<<<<

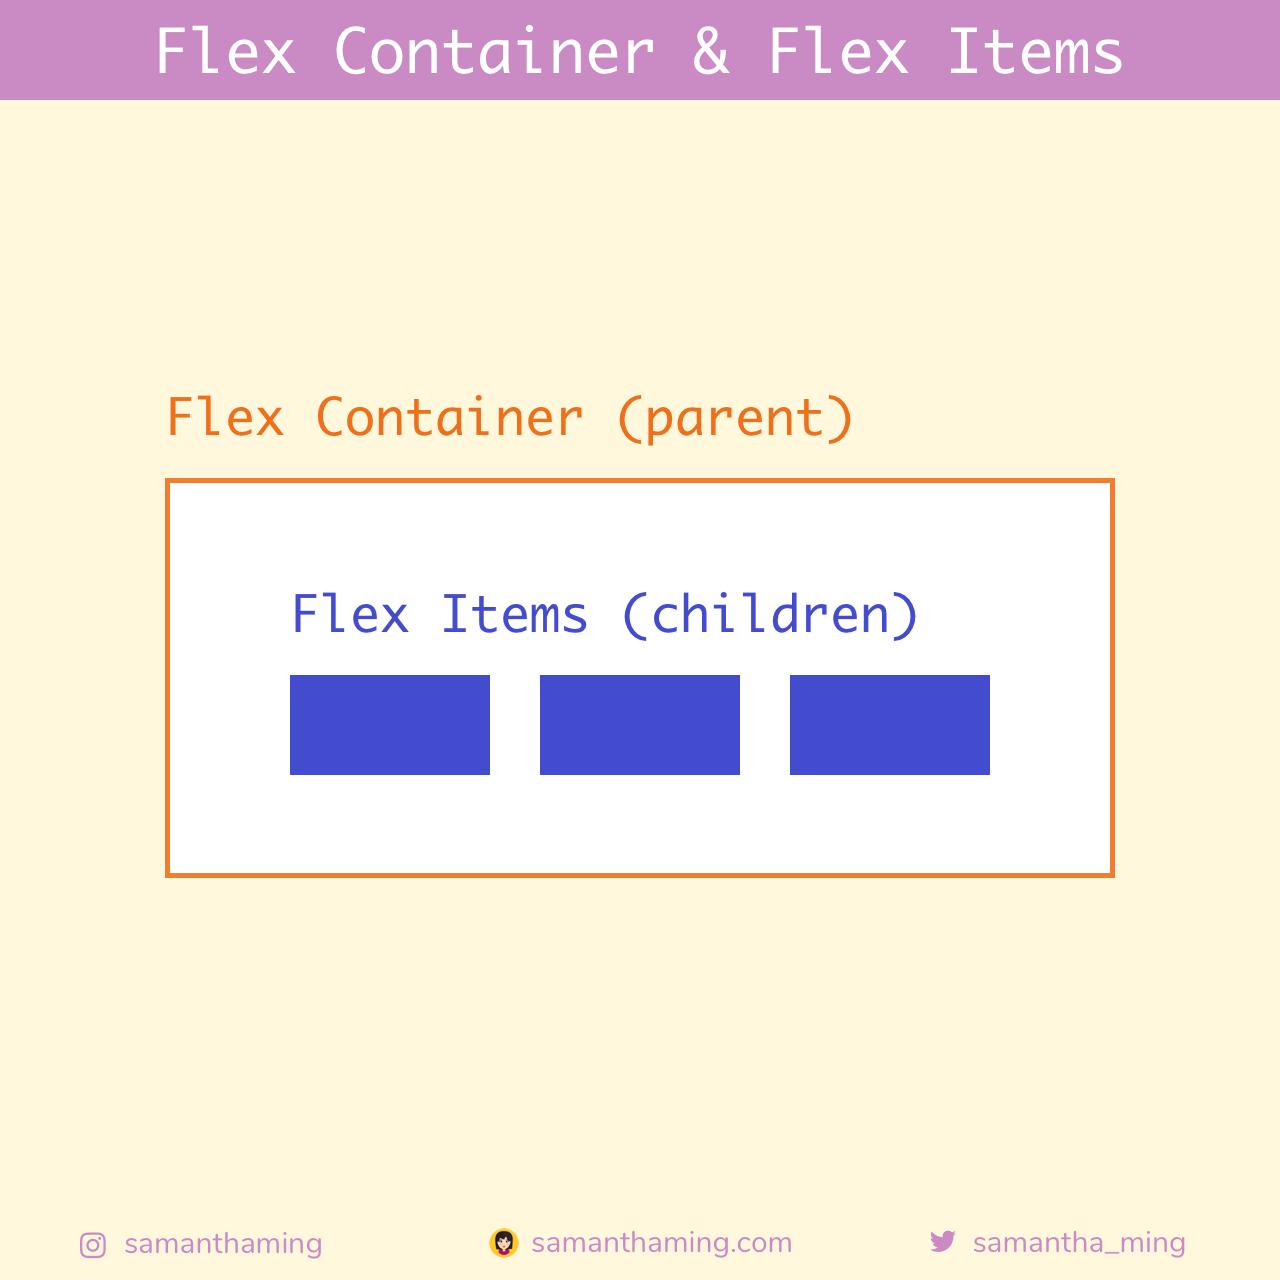 Flex Container & Flex Items
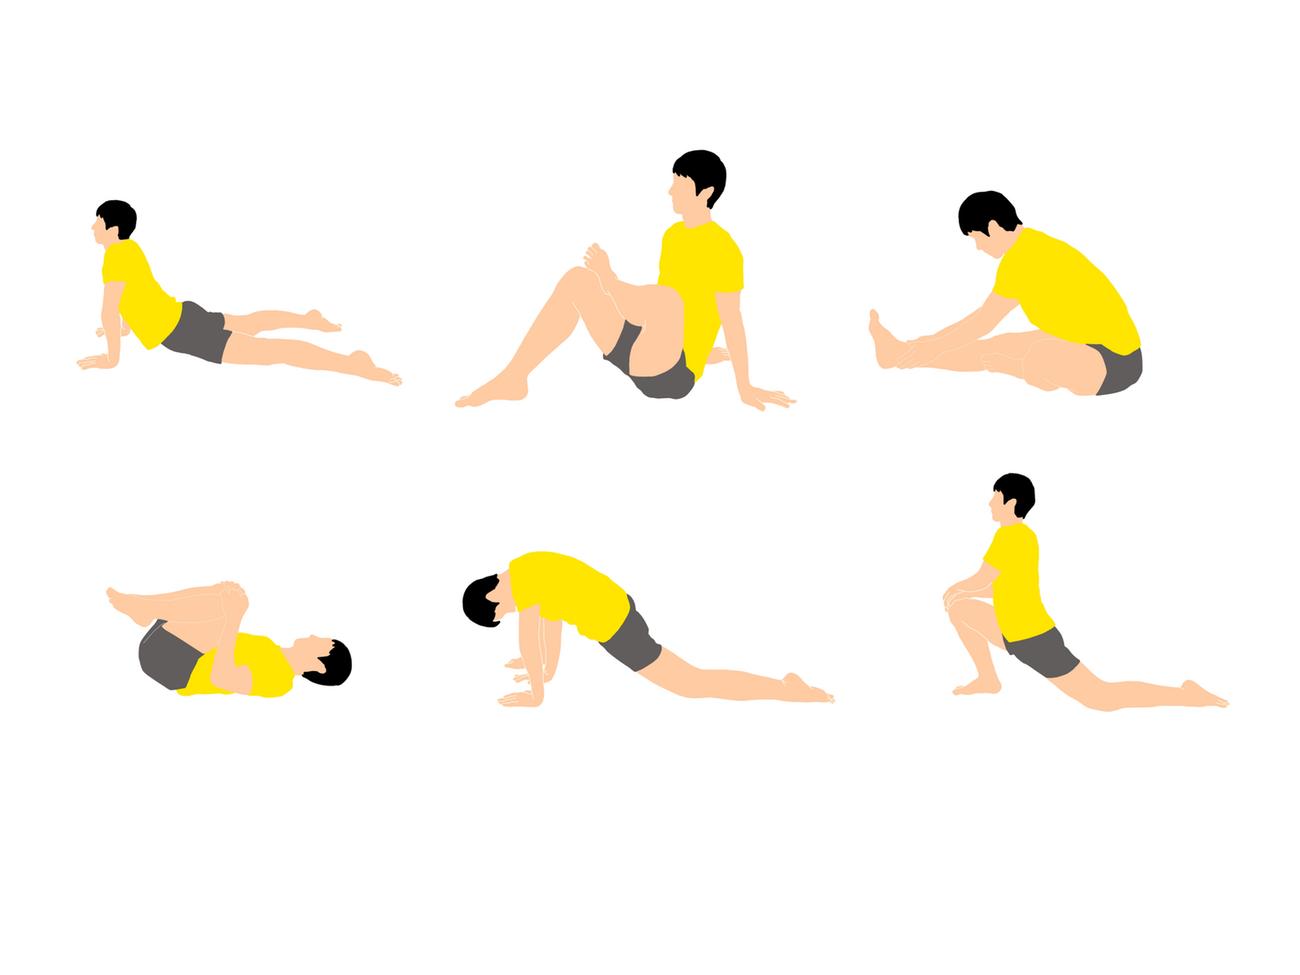 骨盤の前傾と後傾を柔らかくするためのストレッチプログラム
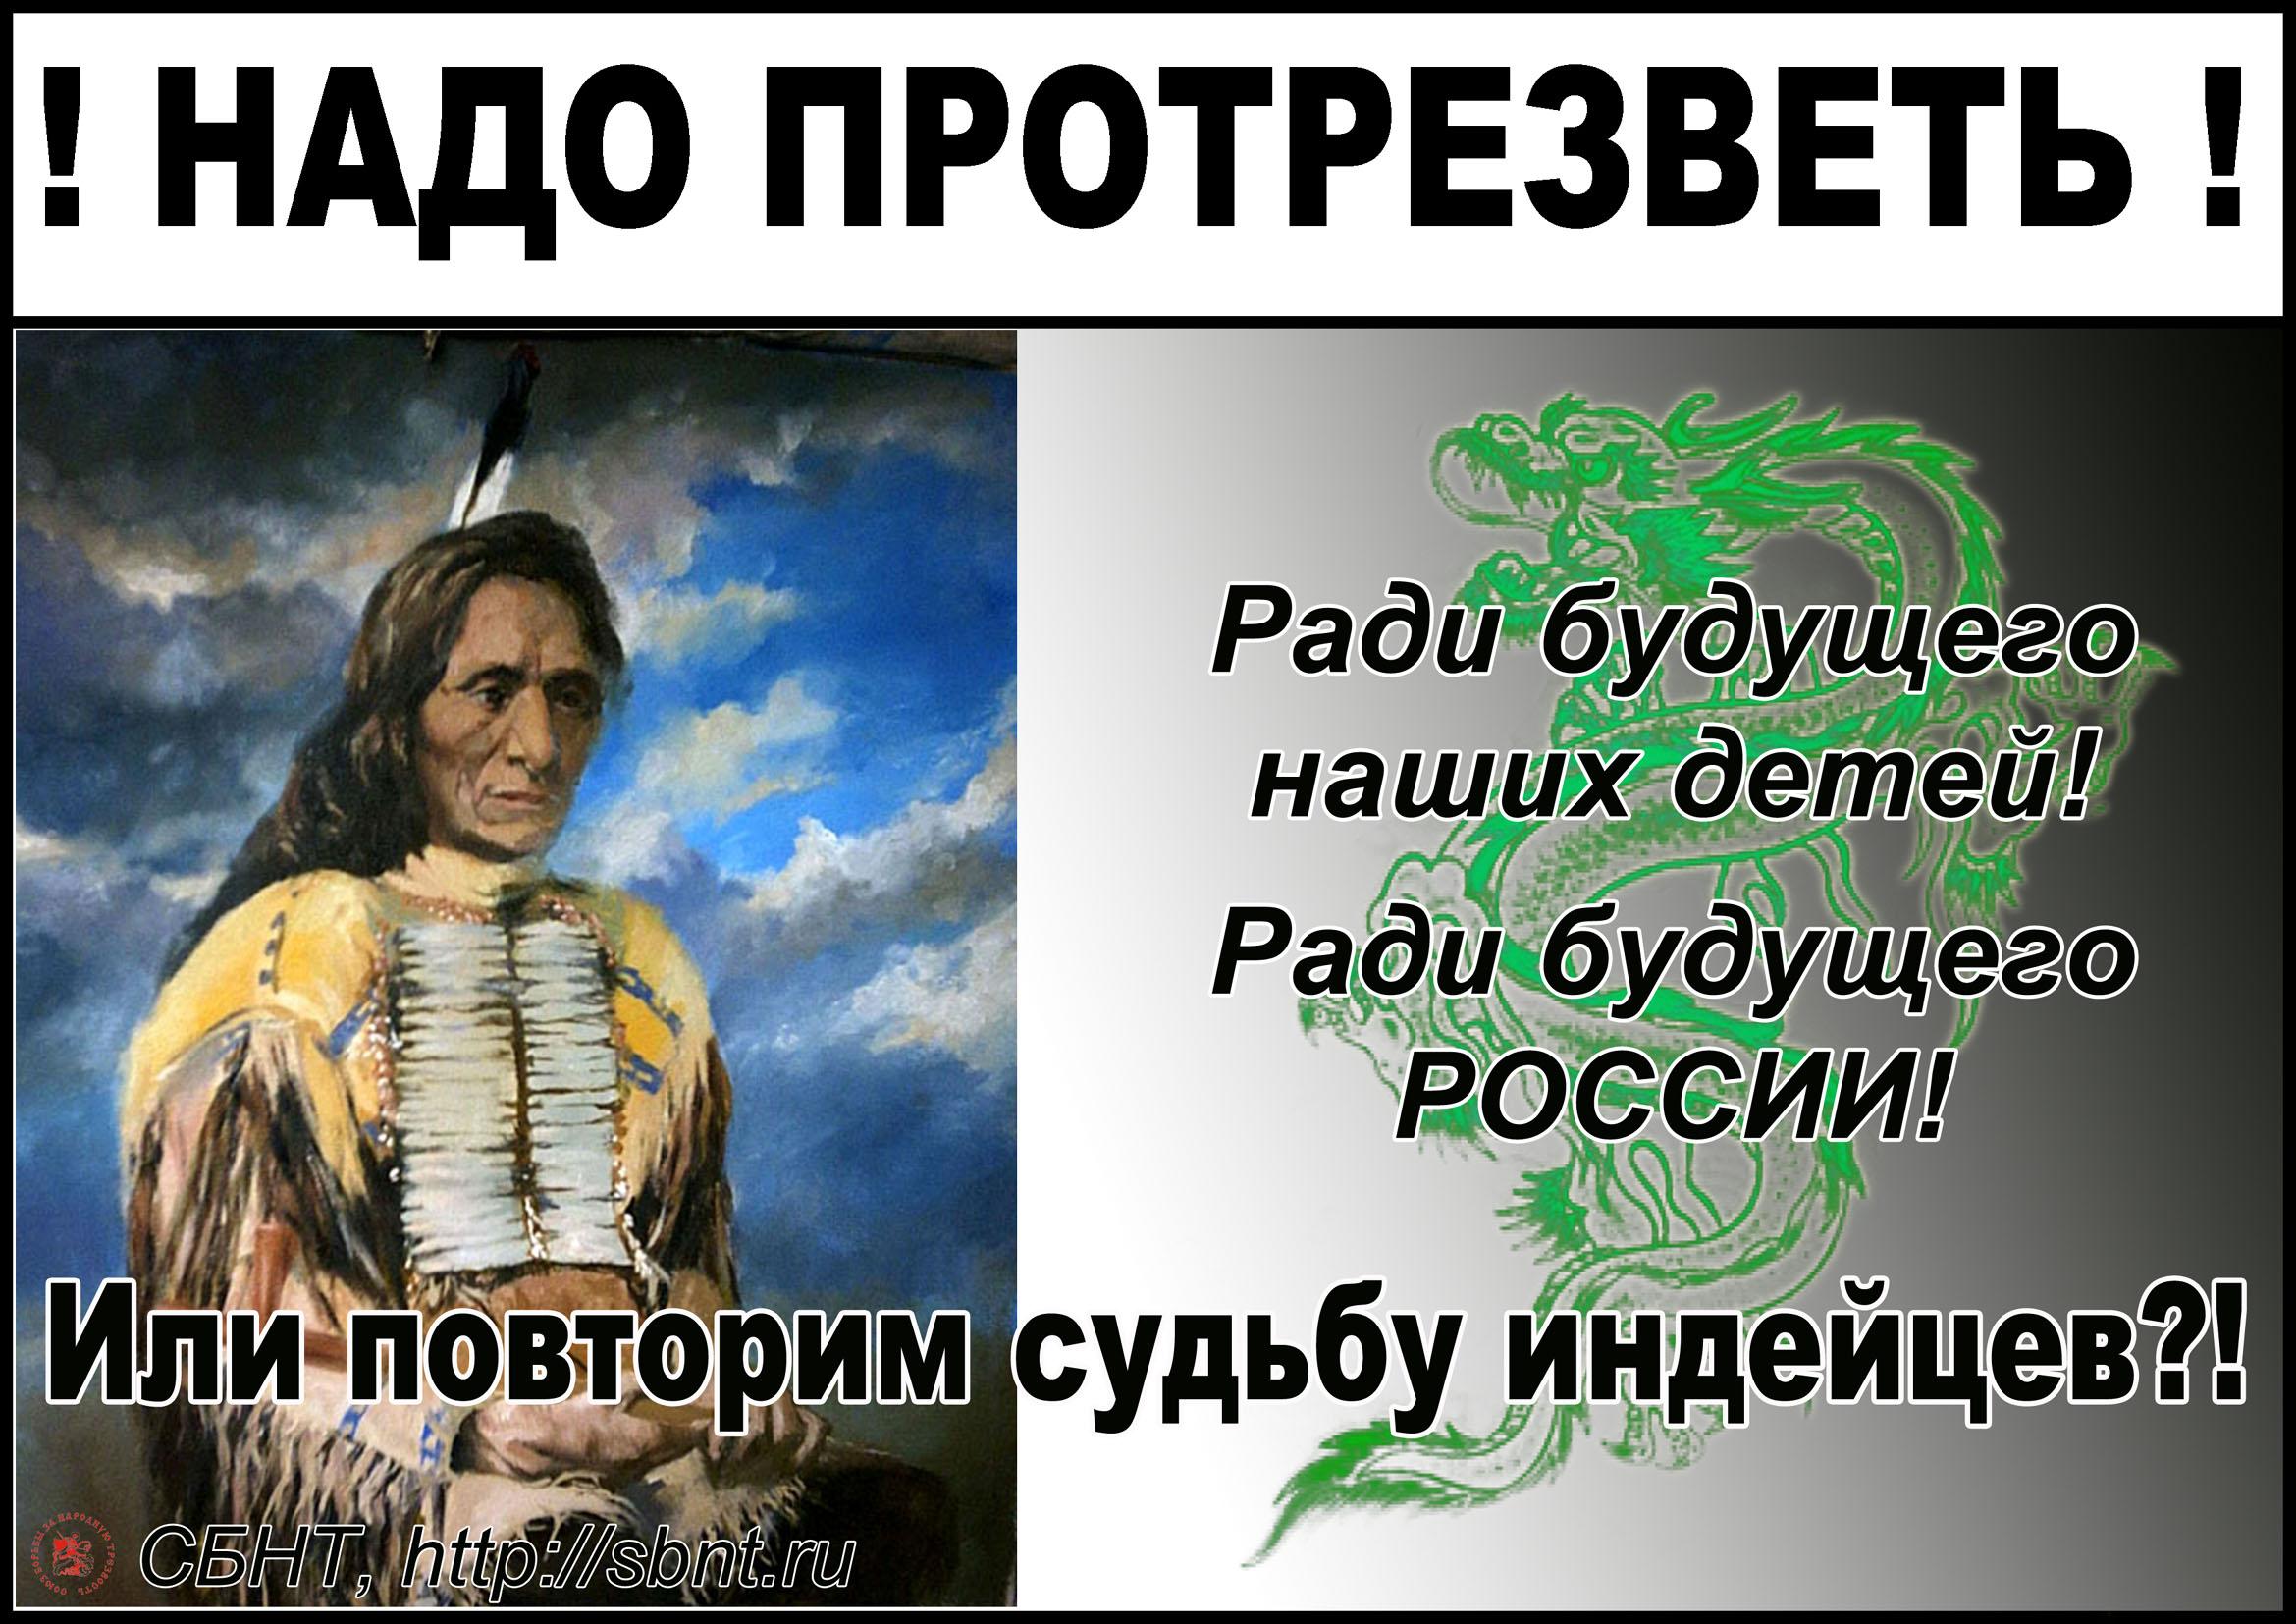 Настродамуса 2002 г порно секс ролики бали попутчик www досуг ру

>>>>

_WHAT TO DO_. Every line above should be copied exactly, apart from any pictures.

_WRITTEN REPLY_.
 Flex Container & Flex Items
 骨盤の前傾と後傾を柔らかくするためのストレッチプログラム
 Настродамуса 2002 г порно секс ролики бали попутчик www досуг ру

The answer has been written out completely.